Differences with torch.utils.data.WeightedRandomSampler

View Source On Gitee

torch.utils.data.WeightedRandomSampler

class torch.utils.data.WeightedRandomSampler(weights, num_samples, replacement=True, generator=None)

For more information, see torch.utils.data.WeightedRandomSampler.

mindspore.dataset.WeightedRandomSampler

class mindspore.dataset.WeightedRandomSampler(weights, num_samples=None, replacement=True)

For more information, see mindspore.dataset.WeightedRandomSampler.

Differences

PyTorch: Samples the elements from [0, len(weights) - 1] randomly with the given weights (probabilities), random generator can be set manually.

MindSpore: Samples the elements from [0, len(weights) - 1] randomly with the given weights (probabilities), random generator is not supported.

Categories

Subcategories

PyTorch

MindSpore

Difference

Parameter

Parameter1

weights

weights

-

Parameter2

num_samples

num_samples

-

Parameter3

replacement

replacement

-

Parameter4

generator

-

Specifies sampling logic.

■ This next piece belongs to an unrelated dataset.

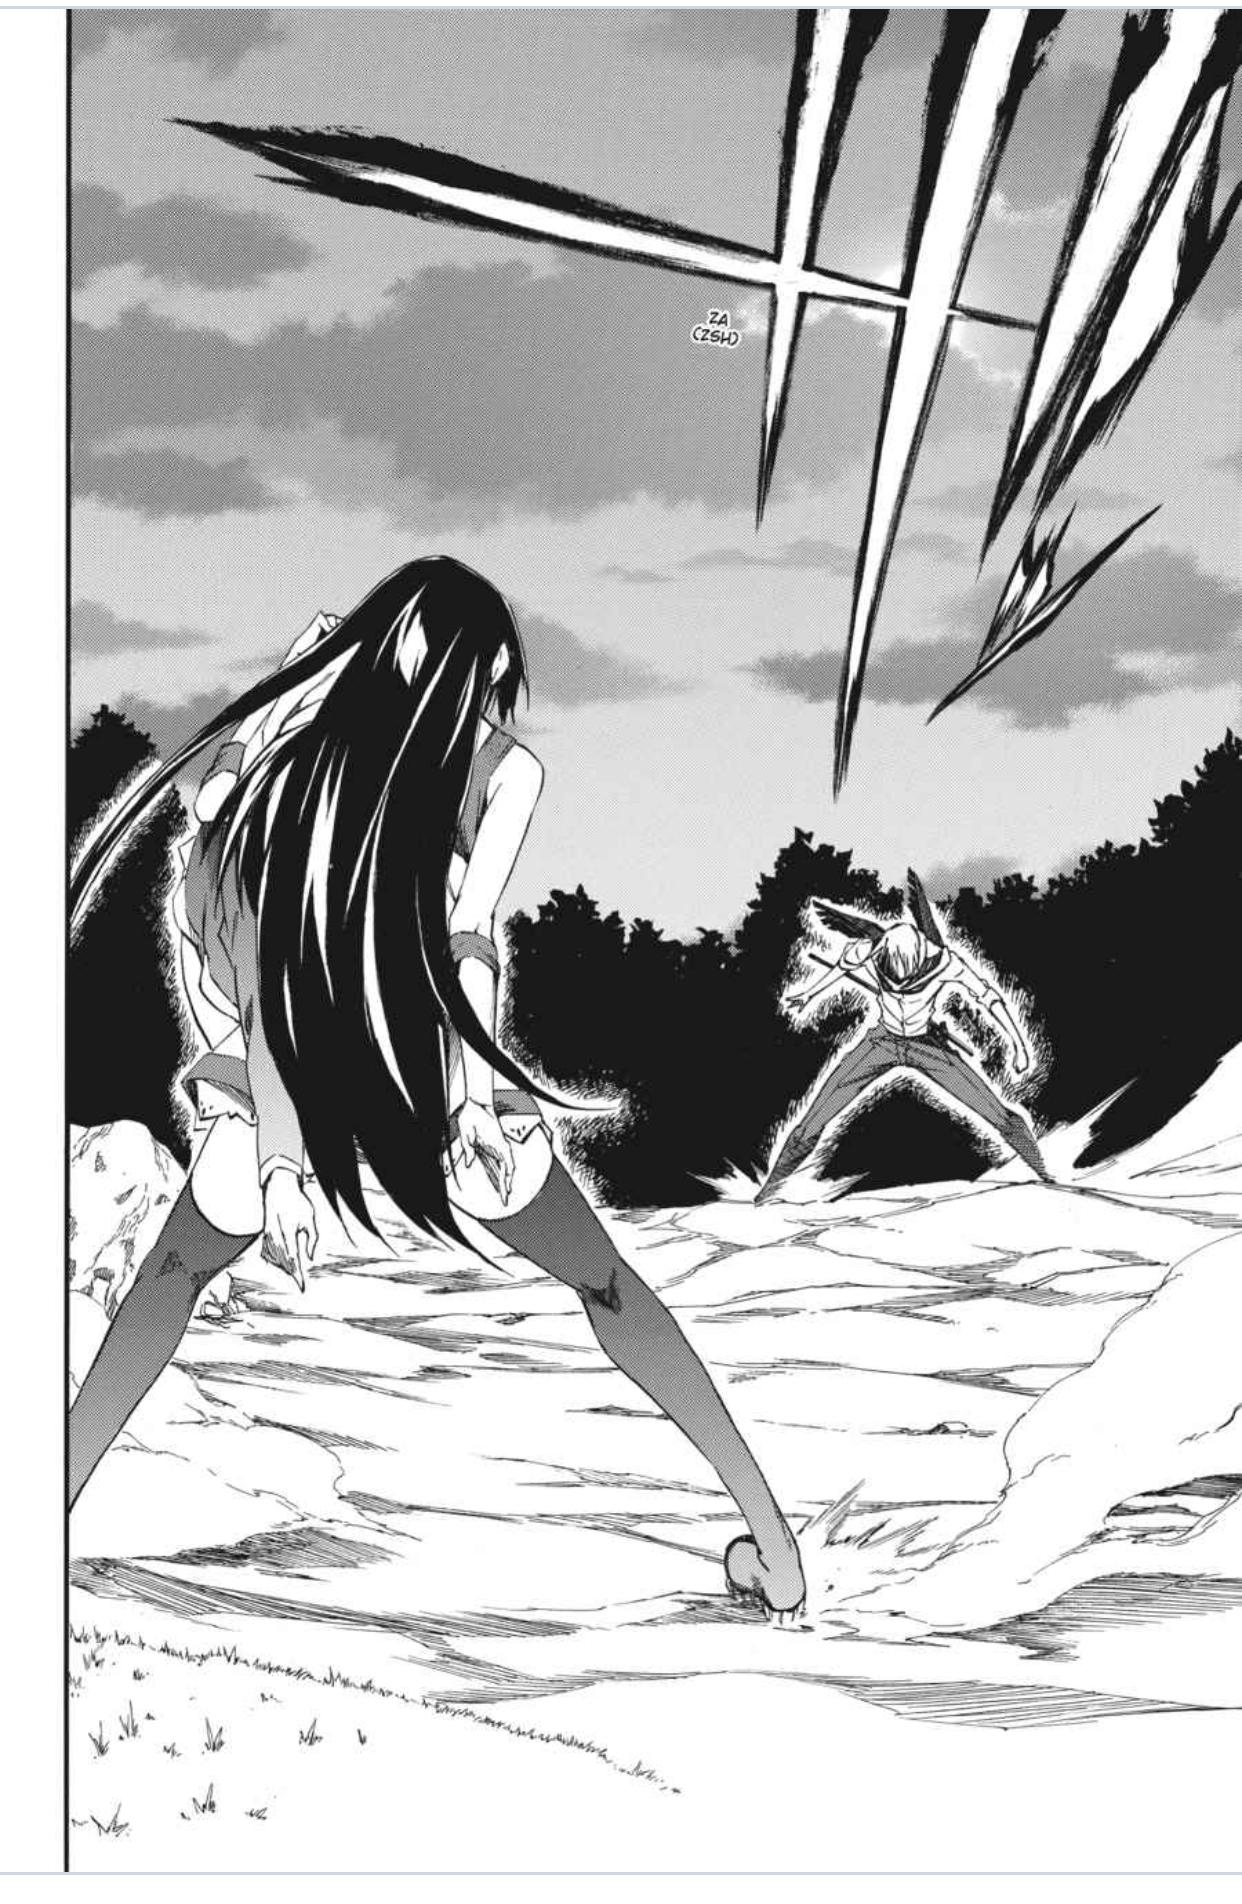 Akame ga KILL! Zero Ch.60 Page 2 - Mangago

MindSpore uses global random sampling.

Code Example

import torch
from torch.utils.data import WeightedRandomSampler

torch.manual_seed(0)

class MyMapDataset(torch.utils.data.Dataset):
    def __init__(self):
        super(MyMapDataset).__init__()
        self.data = [i for i in range(1, 5)]
    def __getitem__(self, index):
        return self.data[index]
    def __len__(self):
        return len(self.data)

ds = MyMapDataset()
sampler = WeightedRandomSampler(weights=[0.1, 0.1, 0.9, 0.9], num_samples=4)
dataloader = torch.utils.data.DataLoader(ds, sampler=sampler)

for data in dataloader:
    print(data)
# Out:
# tensor([4])
# tensor([3])
# tensor([4])
# tensor([4])
import mindspore as ms
from mindspore.dataset import WeightedRandomSampler

ms.dataset.config.set_seed(4)

class MyMapDataset():
    def __init__(self):
        super(MyMapDataset).__init__()
        self.data = [i for i in range(1, 5)]
    def __getitem__(self, index):
        return self.data[index]
    def __len__(self):
        return len(self.data)

ds = MyMapDataset()
sampler = WeightedRandomSampler(weights=[0.1, 0.1, 0.9, 0.9], num_samples=4)
dataloader = ms.dataset.GeneratorDataset(ds, column_names=["data"], sampler=sampler)

for data in dataloader:
    print(data)
# Out:
# [Tensor(shape=[], dtype=Int64, value= 4)]
# [Tensor(shape=[], dtype=Int64, value= 3)]
# [Tensor(shape=[], dtype=Int64, value= 4)]
# [Tensor(shape=[], dtype=Int64, value= 4)]